What happens during the TCP three-way handshake?

The client sends SYN with its initial sequence number. The server responds with SYN-ACK, acknowledging the client ISN and sending its own ISN. The client sends ACK, acknowledging the server ISN. After this exchange, both sides have synchronized sequence numbers and the connection enters ESTABLISHED state. Each SYN consumes one sequence number.

What is the TCP TIME_WAIT state and why does it exist?

After sending FIN and receiving the peer’s FIN-ACK, the active closer enters TIME_WAIT for 2*MSL (Maximum Segment Lifetime, typically 60 seconds). TIME_WAIT ensures the final ACK reaches the peer (if lost, the peer retransmits FIN and the closer can re-ACK). It also prevents old duplicate segments from a previous connection from being interpreted as new data on a reused port+address pair.

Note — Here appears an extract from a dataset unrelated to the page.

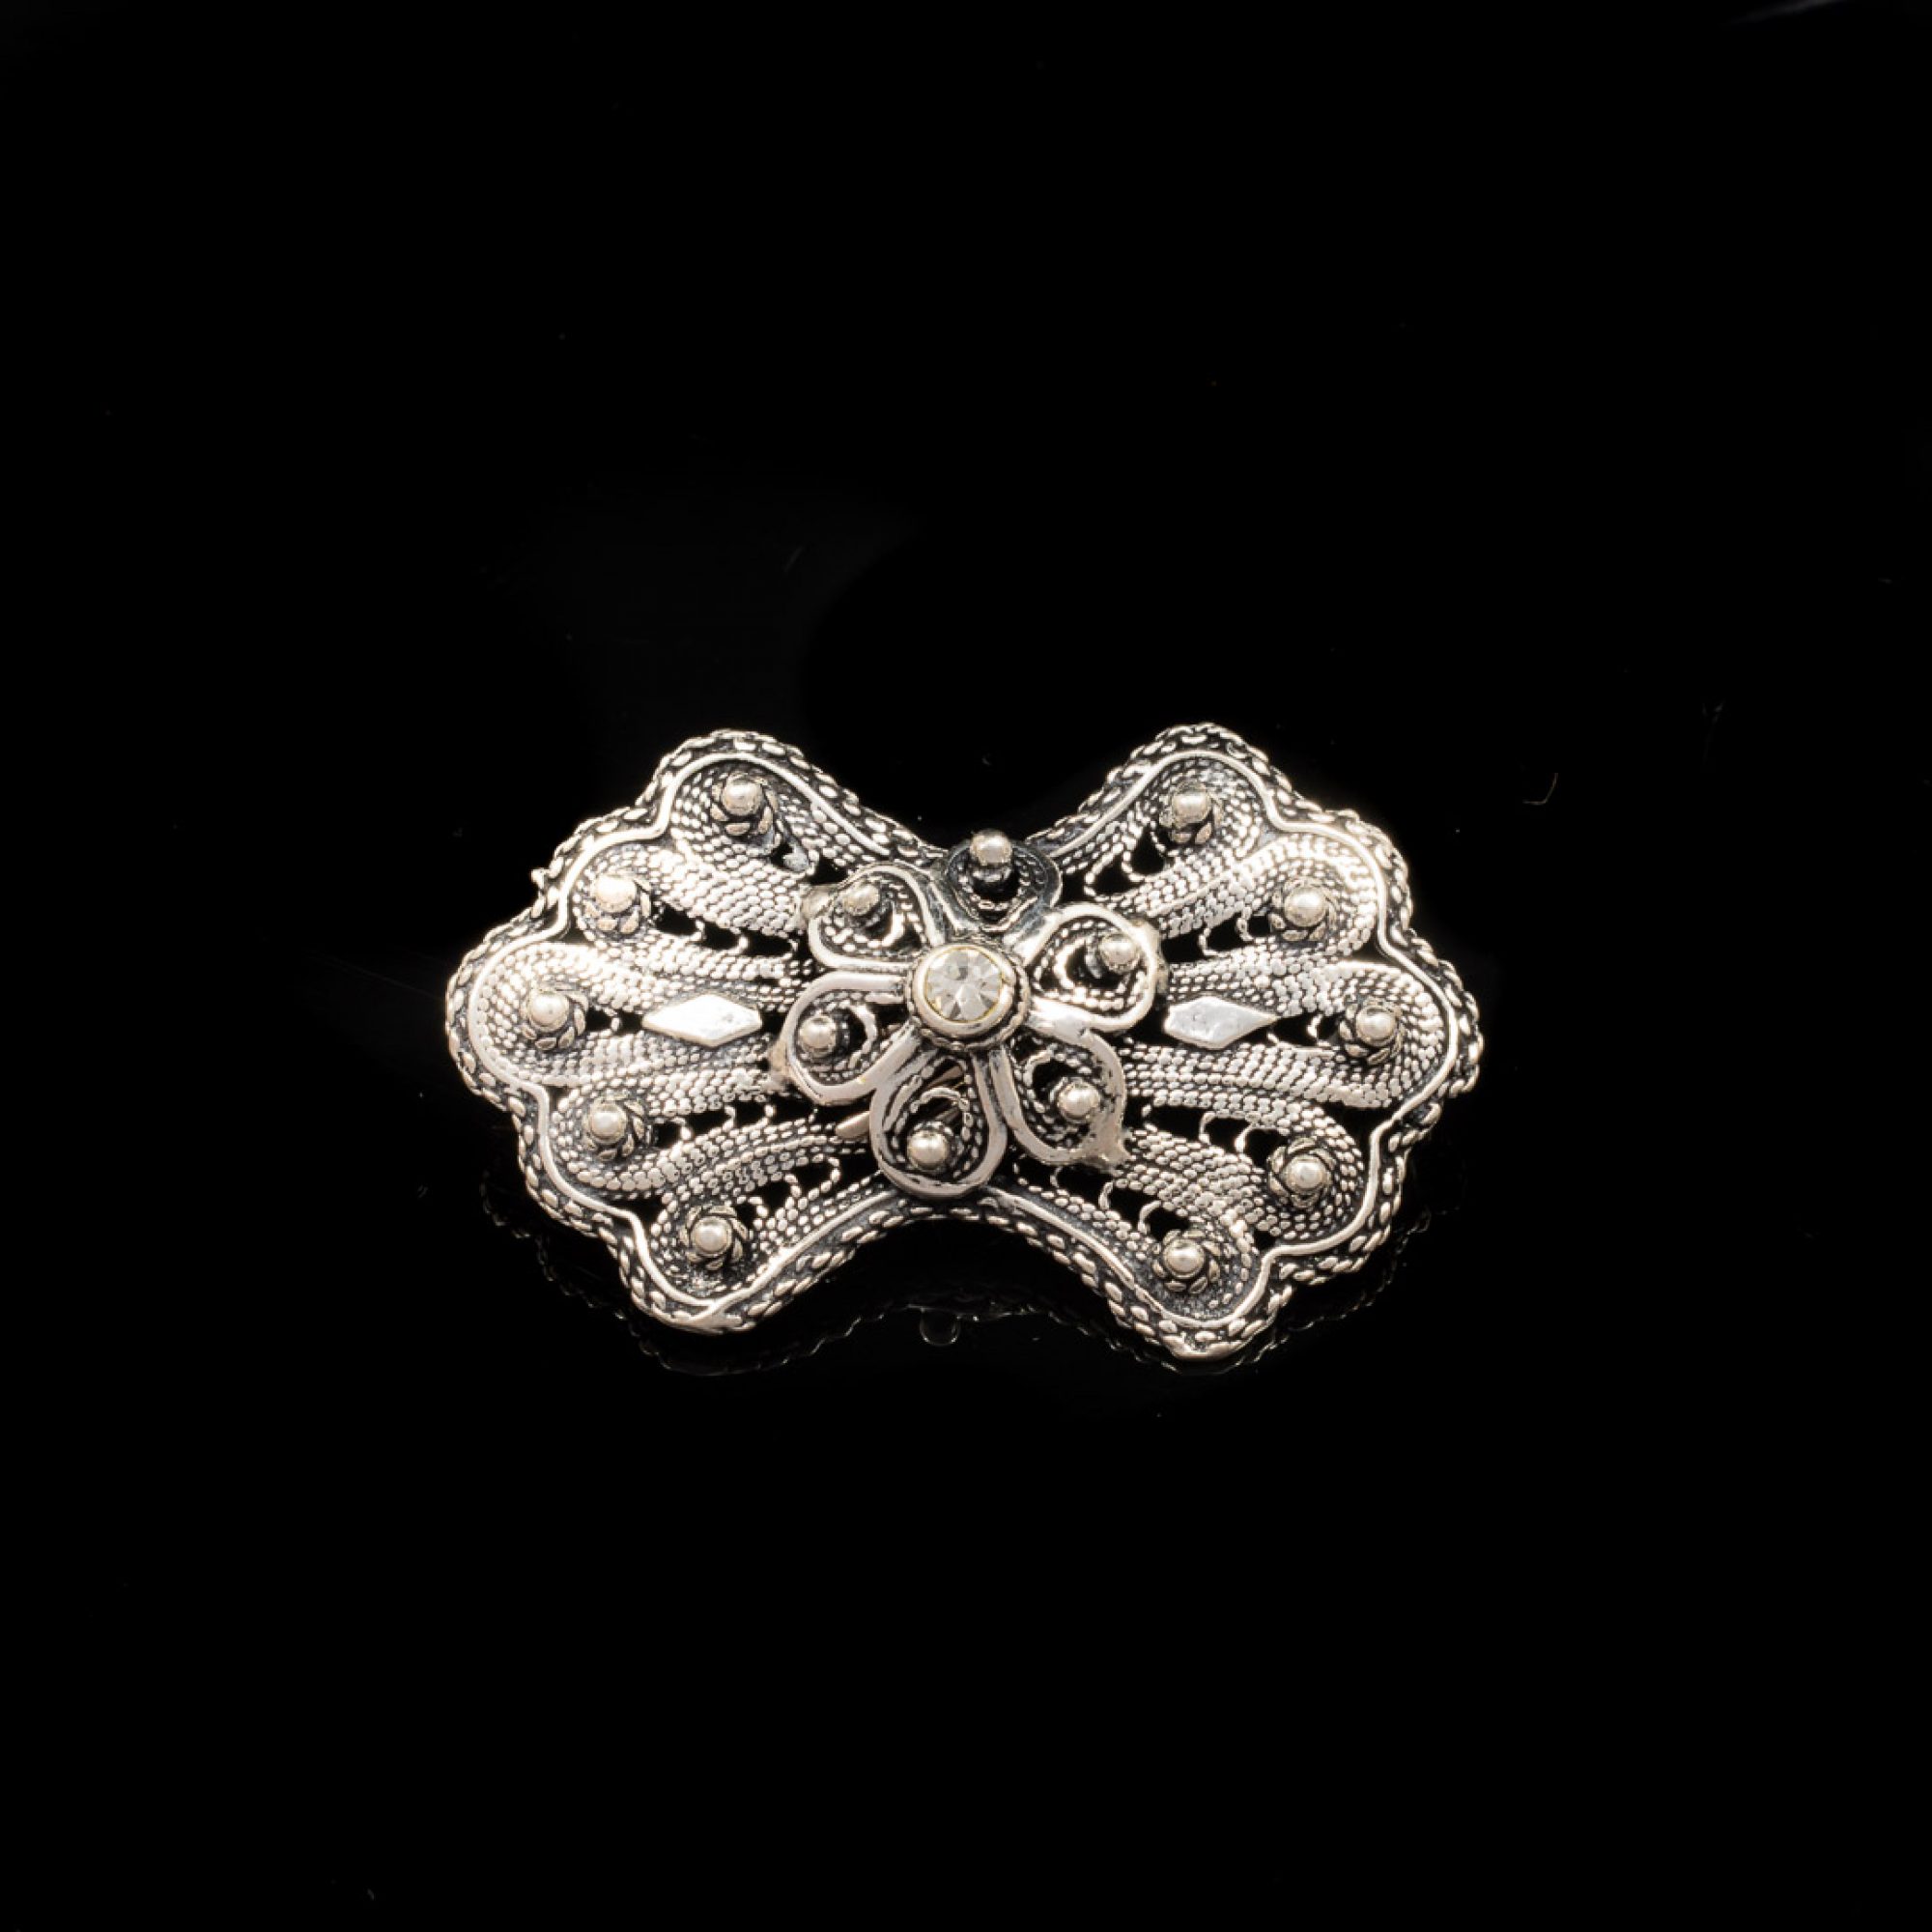 Brooch with zircon stone

How does TCP flow control work?

The receiver advertises a receive window (rwnd) in each ACK — the amount of buffer space available. The sender limits in-flight bytes to min(cwnd, rwnd). If rwnd drops to zero, the sender pauses and probes with 1-byte window probe segments until the receiver advertises a non-zero window. This prevents the sender from overwhelming the receiver.

What is TCP Fast Open (TFO)?

TFO reduces connection latency by allowing data to be sent in the SYN packet. The client first performs a regular handshake and receives a TFO cookie from the server. On subsequent connections, the client includes the cookie and data in the SYN. The server validates the cookie and processes the data without waiting for the handshake to complete, saving one round trip.

How does TCP congestion control work in CUBIC?

CUBIC is the default congestion control in Linux. It uses a cubic function of time since the last congestion event to compute the congestion window, rather than the linear increase of Reno. CUBIC is aggressive in recovering bandwidth after a loss event: it quickly approaches the previous maximum window, then probes slowly. This makes CUBIC efficient for high-bandwidth, high-latency networks.